Felipe Contreras Dec. 14, 2020, 2:24 p.m. UTC | #1
Elijah Newren via GitGitGadget wrote:
> This is actually v5 of this series, and is being sent due to review comments
> from a different series, namely en/merge-ort-3[1].
> 
> I have rerolls of en/merge-ort-2 and en/merge-ort-3 already prepared, but
> since gitgitgadget will not allow me to send a series dependent on a
> not-published-by-Junio series, I cannot yet send them. You will need to
> temporarily drop them, and I'll resend after you publish the updated version
> of this series. I do not like this solution, and I was tempted to just push
> the updates into en/merge-ort-3, but since this series was still hanging in
> 'seen' awaiting feedback and a lot of the suggestions were for things from
> this series, I decided to go this route anyway...

You could send it the old-fashioned way.
Elijah Newren Dec. 14, 2020, 4:24 p.m. UTC | #2
On Mon, Dec 14, 2020 at 6:24 AM Felipe Contreras
<felipe.contreras@gmail.com> wrote:
>
> Elijah Newren via GitGitGadget wrote:
> > This is actually v5 of this series, and is being sent due to review comments
> > from a different series, namely en/merge-ort-3[1].
> >
> > I have rerolls of en/merge-ort-2 and en/merge-ort-3 already prepared, but
> > since gitgitgadget will not allow me to send a series dependent on a
> > not-published-by-Junio series, I cannot yet send them. You will need to
> > temporarily drop them, and I'll resend after you publish the updated version
> > of this series. I do not like this solution, and I was tempted to just push
> > the updates into en/merge-ort-3, but since this series was still hanging in
> > 'seen' awaiting feedback and a lot of the suggestions were for things from
> > this series, I decided to go this route anyway...
>
> You could send it the old-fashioned way.

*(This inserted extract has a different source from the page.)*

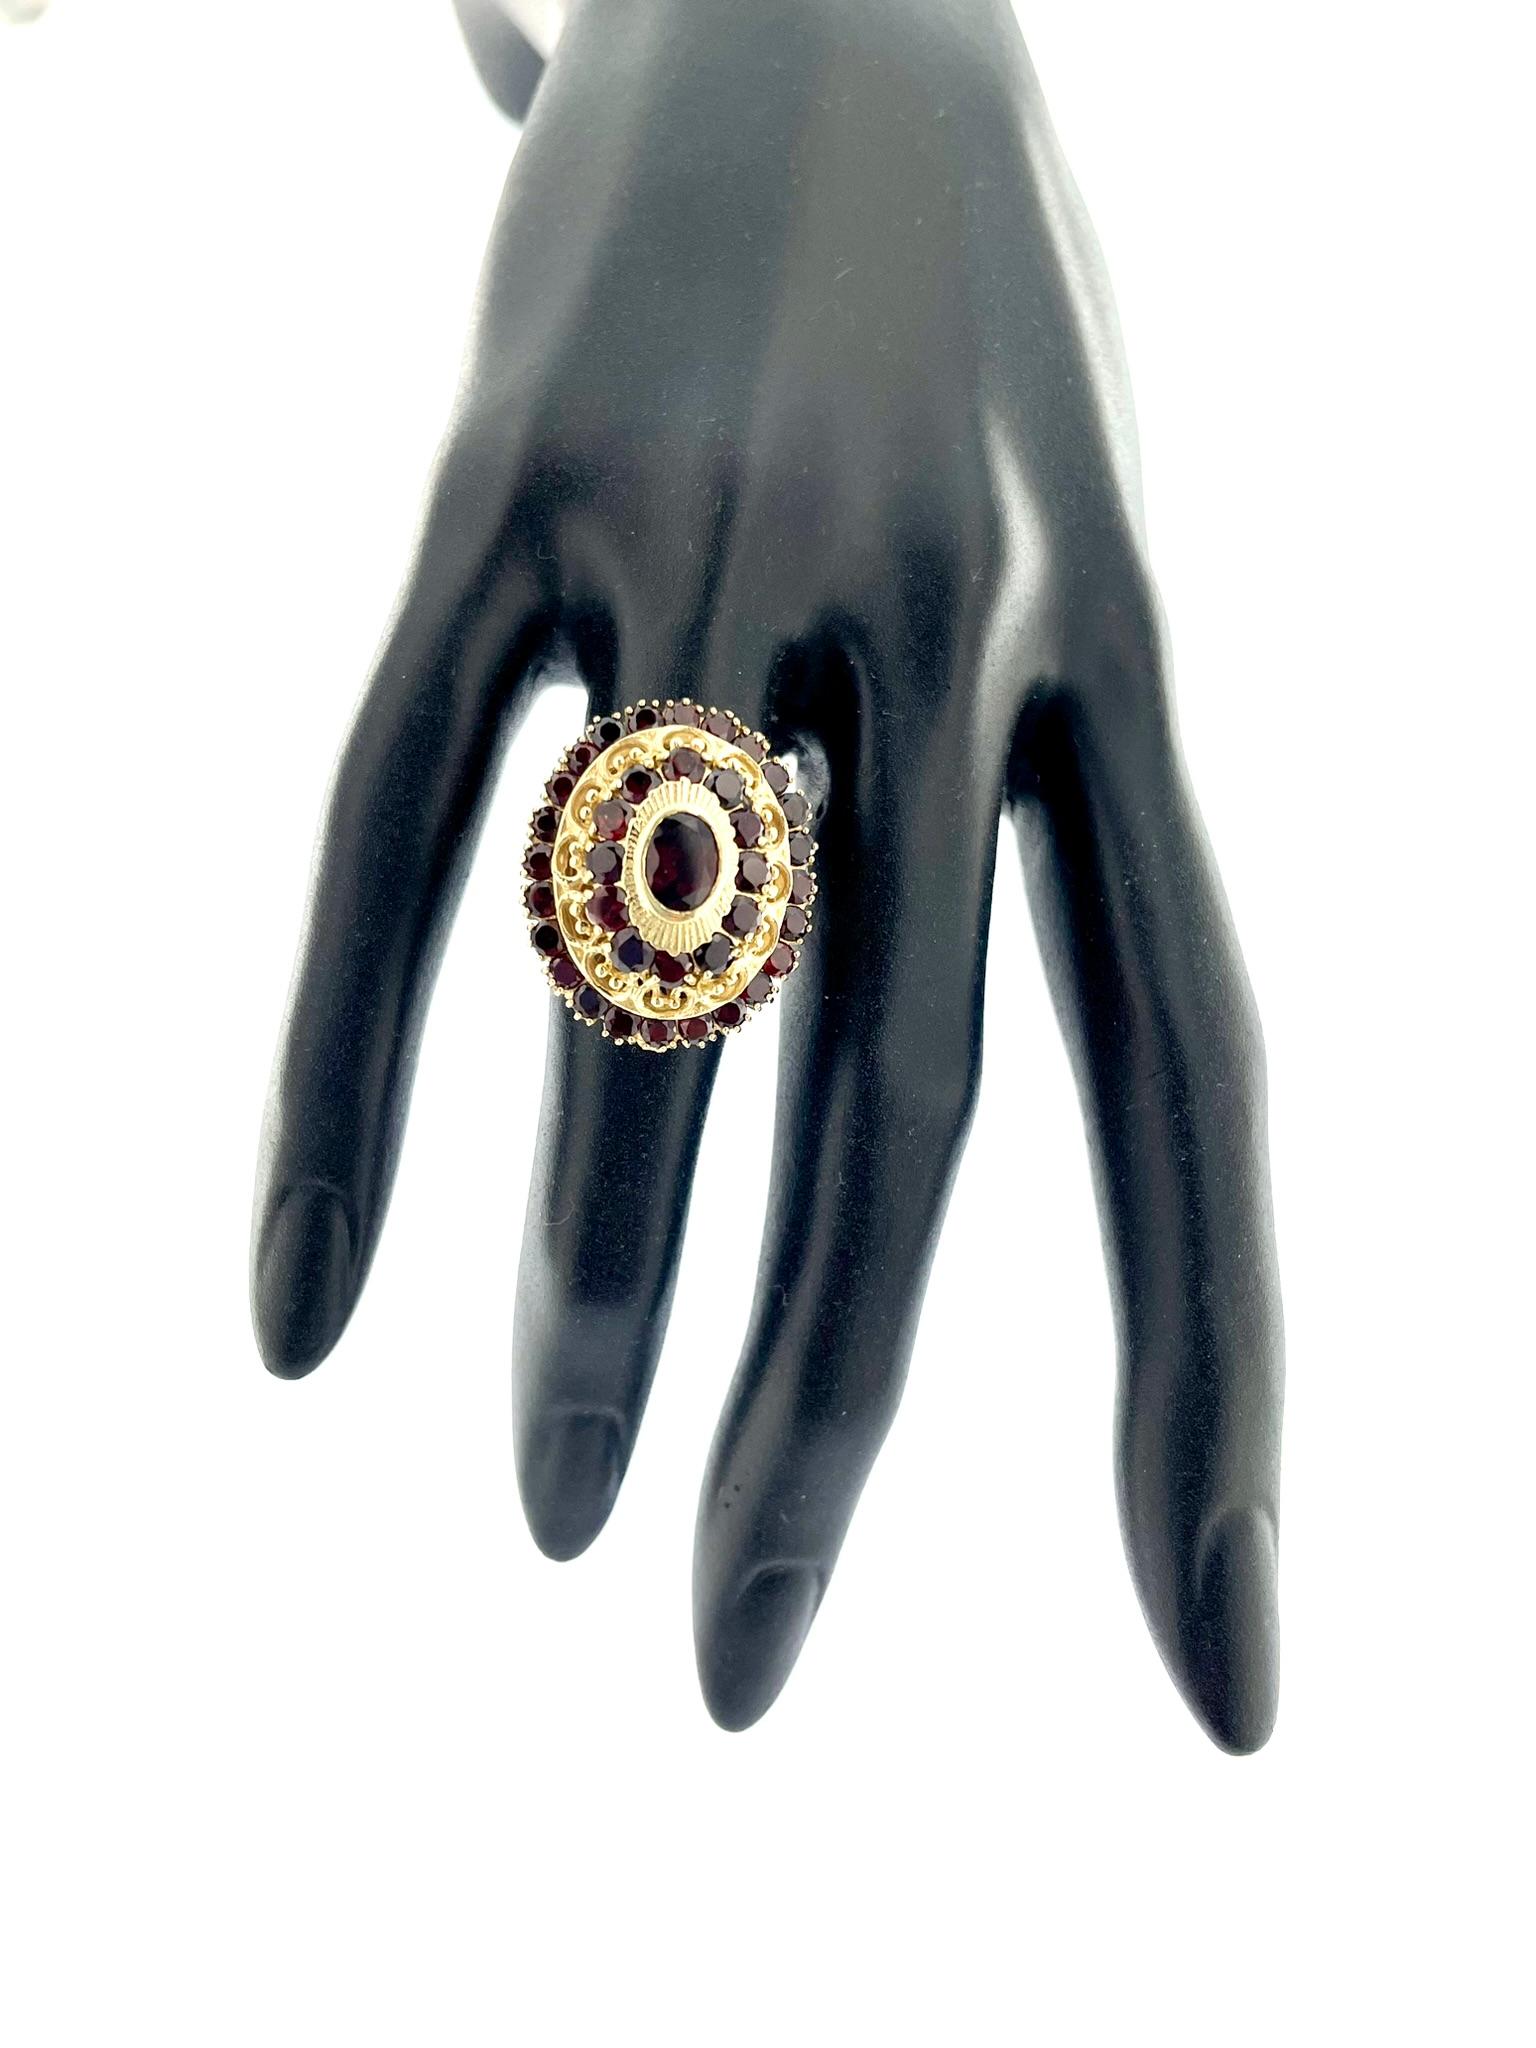 Dieser exquisite Belle-Époque-Ring ist ein meisterhaftes Kunstwerk, das aus strahlendem 18-karätigem Gelbgold gefertigt ist. Der Ring zeigt ein zeitloses und elegantes Prinzessinnen-Design, das an die Belle-Époque-Zeit erinnert und sich durch die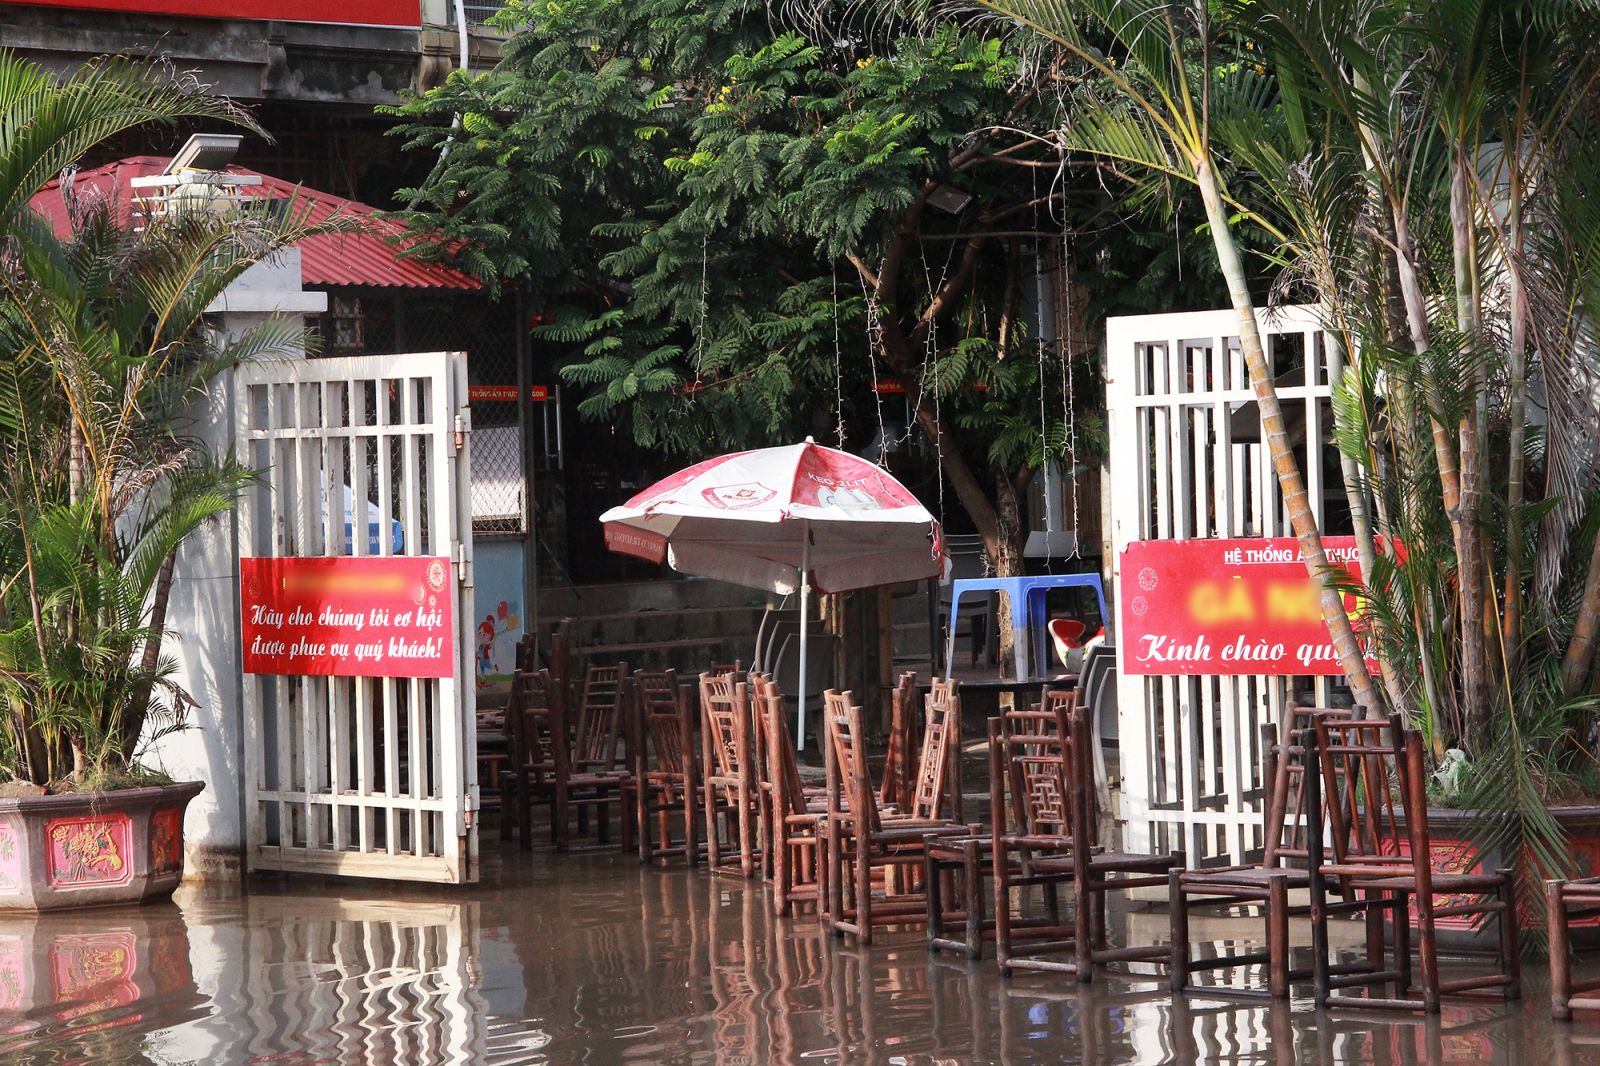 Quán ăn bên đường Lê Trọng Tấn cũng chịu cảnh ngập nước sau trận mưa. Đến hiện tại, nước vẫn chưa có dấu hiệu rút xuống.

As mentioned in the first line of the message, I already did the first
two rounds that way.  There are sometimes reasons to use send-email,
but gitgitgadget comes with really nice cross-platform testing so I do
tend to prefer it.  Also, mix-and-matching between send-email and
gitgitgadget causes some confusion on which-number-in-the-series-is-it
counts (as noted above), so I tend to avoid it.